Despite Howard Hughes’ reducing the height of the proposed building to 345 feet from 470 and doubling setbacks along Beekman and Water streets, critics blasted what they saw as minor changes.

“The new proposal is more sleight of hand than an attempt to integrate community feedback,” Assembly member Yuh-Line Niou said in a statement, noting that the plans still exceed the 120-foot height limit.

“This developer has never proposed a project within the height limits of the district,” said Niou, who suggested that approval of the design would be unfair to developers who had worked within the neighborhood’s zoning, which prioritizes low-rise street walls.

But those projects did not provide the affordable units and museum subsidy that this one would — and there’s the rub.

Critics reminded the commission that its duty is to consider the appropriateness of the design regardless of any affordable housing or museum funding that the development would unlock.

Joanne Gorman, co-founder of Friends of South Street Seaport, disputed even that.

“The community is being played,” she said. “The sale of city-owned development rights would go to the museum, so the people of New York [and not the developer] will be saving the museum,” Gorman said.
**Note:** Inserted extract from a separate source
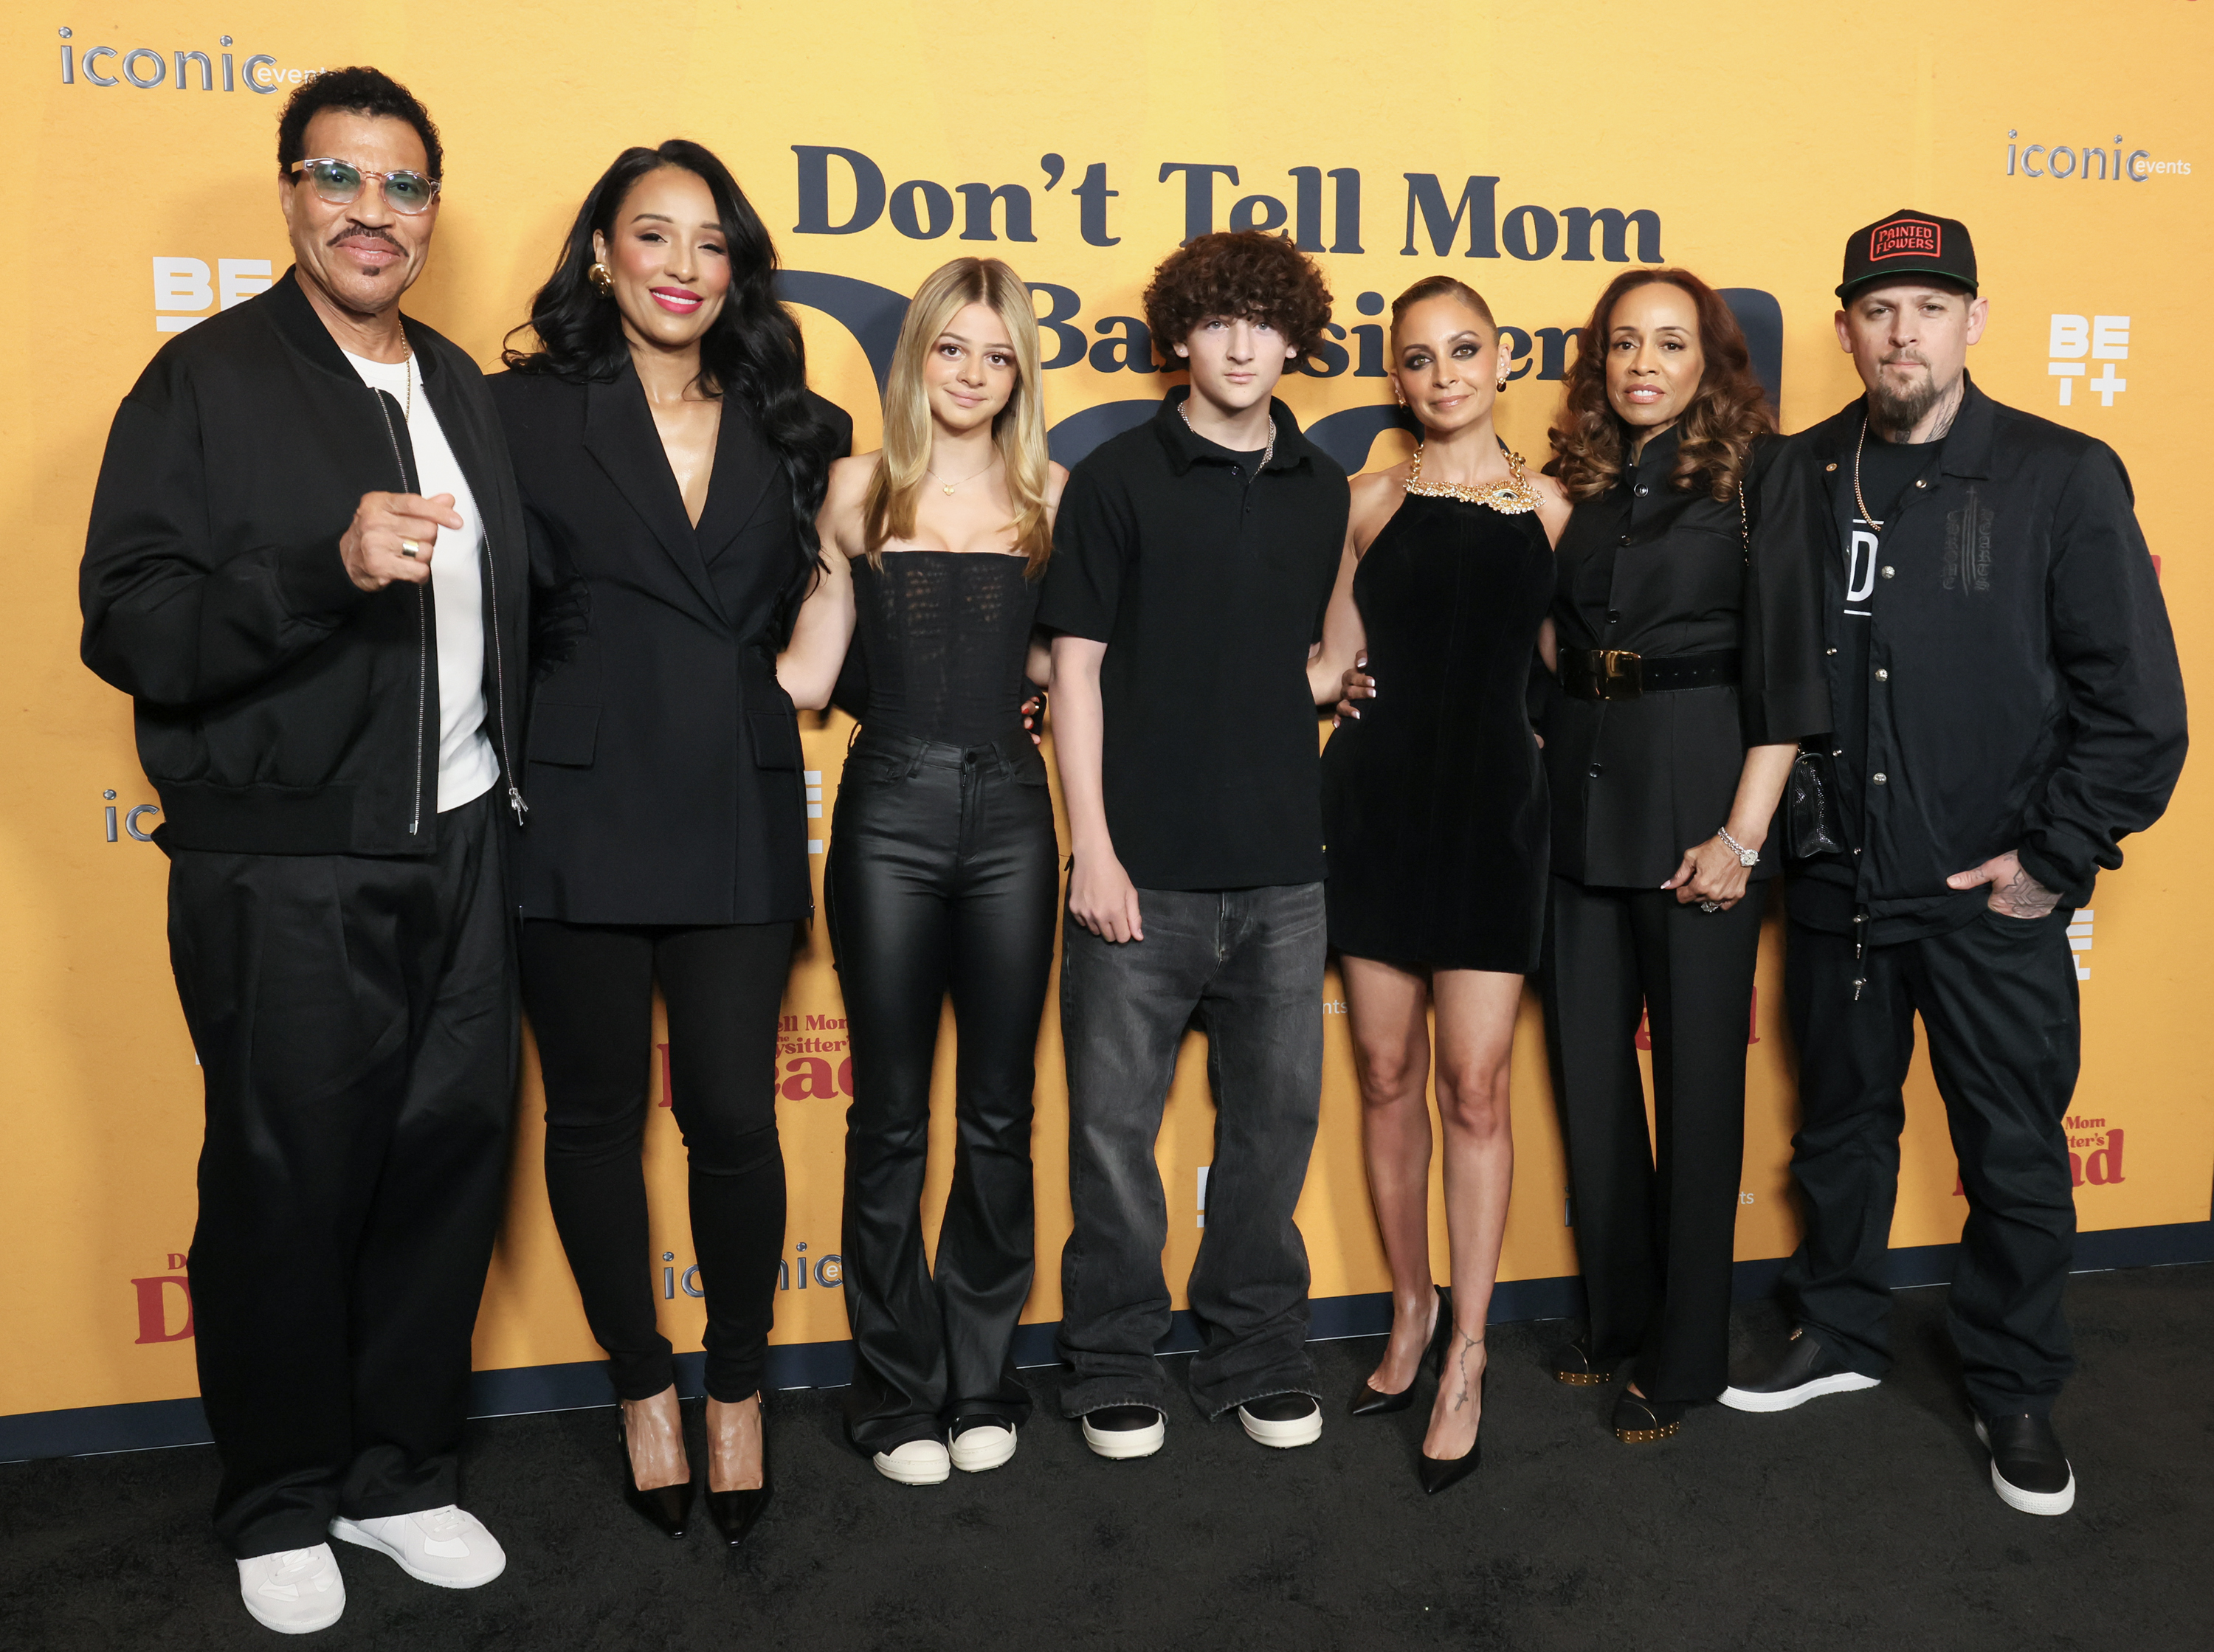 Lionel Richie, Lisa Parigi, Harlow Madden, Sparrow Madden, Nicole Richie, Brenda Harvey-Richie, and Joel Madden at the premiere of "Don't Tell Mom the Babysitter's Dead" in Los Angeles, California on April 2, 2024 | Source: Getty Images

Detractors objected to the transfer of air rights from Pier 17, located within the historic district, to another location in the district, preferring that air rights be transferred out of the neighborhood.

The divide between some community residents and business advocates was drawn in sharp relief during Tuesday’s testimony.

Manhattan Chamber of Commerce CEO Jessica Walker said the pandemic revealed the vulnerability of office-heavy districts, including most of Midtown, emphasizing that residential buildings provide economic stability to surrounding businesses.

Madeleine McGrory, a policy analyst for REBNY, echoed that sentiment, saying housing would help guard the South Street Seaport district from the vicissitudes of tourism, which has been hammered by the pandemic.

Howard Hughes has said if denied approval, it would build a 160-foot-tall structure — 120 feet as-of-right plus an additional 40 feet permitted in a flood zone. That smaller project would not come with any affordable units or museum subsidy. The commission is expected to issue its decision in the coming weeks.